The tryouts for the regional “select” team are next week, and your child’s coach is singing the glories of playing on the super team with the best-of-the-best. There’s prestige and status, and something more: He says this is the fast track to turning pro!
Wow. It’s a thrilling thought. Play with this team, the coach assures you, and your child is headed for the top ranks of professional hockey — or soccer, or basketball, or tennis, or tiddlywinks … or whatever the sport is.
There’s only one problem with this picture: it’s a team of 9-year-olds. When next week comes, the coach will be selecting “talent” from a group of kids who haven’t even started their growth spurt.
It simply can’t be done.
Or put a little more delicately, it can’t be done reliably. As talent development programs around the world are showing, it isn’t possible to even start predicting future “talent” as measured in strength, speed, skill, and decision-making until kids are in their teens; as a general rule, between 14 and 20 years.
The late bloomers
Yes, Gretzky emerged early in hockey. So did Lionel Messi in soccer. But they are the exceptions. There are many more superstars who emerged only later — and often after being cut from select teams and junior development programs as kids.
Soccer and basketball feature regular examples of top professionals who were cut from youth teams because they were too small, or too slow, or appeared not skilled enough. (Owen Hargreaves, the Canadian-born soccer player who ended up being a star playing for England, is a good example.) But they stuck with their sport, and later they were fortunate enough to get “discovered”.
Notably, with most of these stories of famous late bloomers, we learn that they were cut in their teens. It should therefore beg the question:
If we can’t reliably select long-term talent among teenagers, how can we imagine predicting talent among a group of 9-year-olds?
The difficulty in identifying talent
In identifying child talent, the biggest challenge relates to relative age and developmental age. If your child happens to have a younger relative age or developmental age than the rest of the kids, he may look less skilled and less talented than his peers simply because he is less strong, less fast, and less athletic at this age and stage of maturation.
In reality, your child might have the potential to become the greatest athlete in history by age 18. But you might never find out.
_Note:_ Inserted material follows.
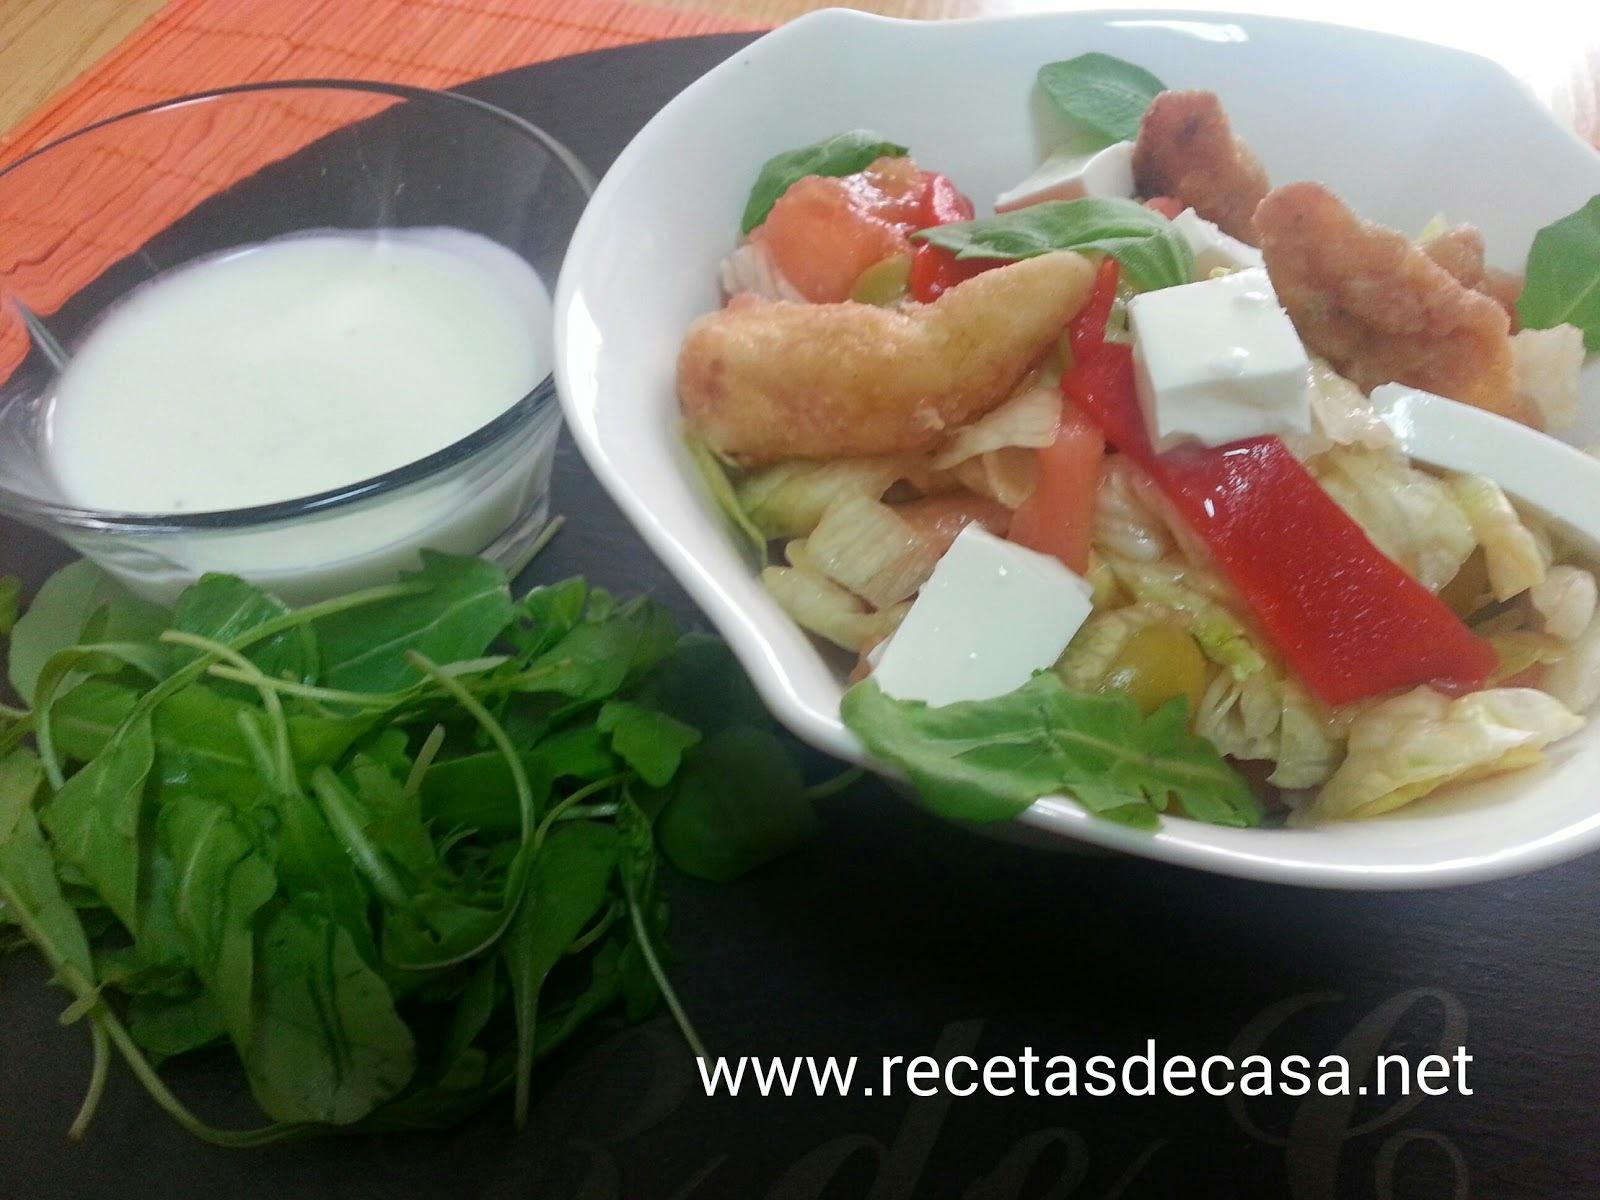 Ensalada de pollo con salsa de yogurt

Because if he gets cut at age 9, and subsequently put in a poor program with weak coaching and poor training, he will miss the most important years of development. Or he might just drop out of the sport altogether, and be forever lost to the game.
Emphasize talent development
The pitfalls of early talent identification can be remedied with a “talent development” approach. Rather than trying to select talent at age 8, 9, and 10 years of age, the ideal sport program will provide excellent coaching and equal playing time for all kids and see where they land later.
In soccer, for example, top development countries such as Germany and the Netherlands only start to select talent pools around age 11. And they don’t slam the door on the rest of the kids. They still provide opportunities for kids to play, get better, and be seen later. They know that there is ample time for kids to grow, develop, and change through their adolescent years.
Yes, select teams can be part of development
Select teams can and should be part of the development process in kids’ sports. The question is when.
In most sports, talent identification starts to make sense as kids enter their teens and begin to mature physically, emotionally, cognitively, and socially. It’s also an appropriate way for kids with possible talent, and a strong desire to compete, to start to experience increased challenges in competition.
But what about the other kids? Given the number of star athletes who have emerged only later in adolescence, or even their 20s in some instances, it makes sense to continue providing quality coaching, training, and playing opportunities to any kids who are keen to play and want to get better. (This approach is one of the keys to the Long-Term Athlete Development model.)
You don’t want to cut a future star before they’ve had time to shine, nor do you want to drive a kid out of a sport because they didn’t “make the grade” at age 9. Otherwise you’re not only selling the kid short — you’re potentially depriving the game of a future superstar.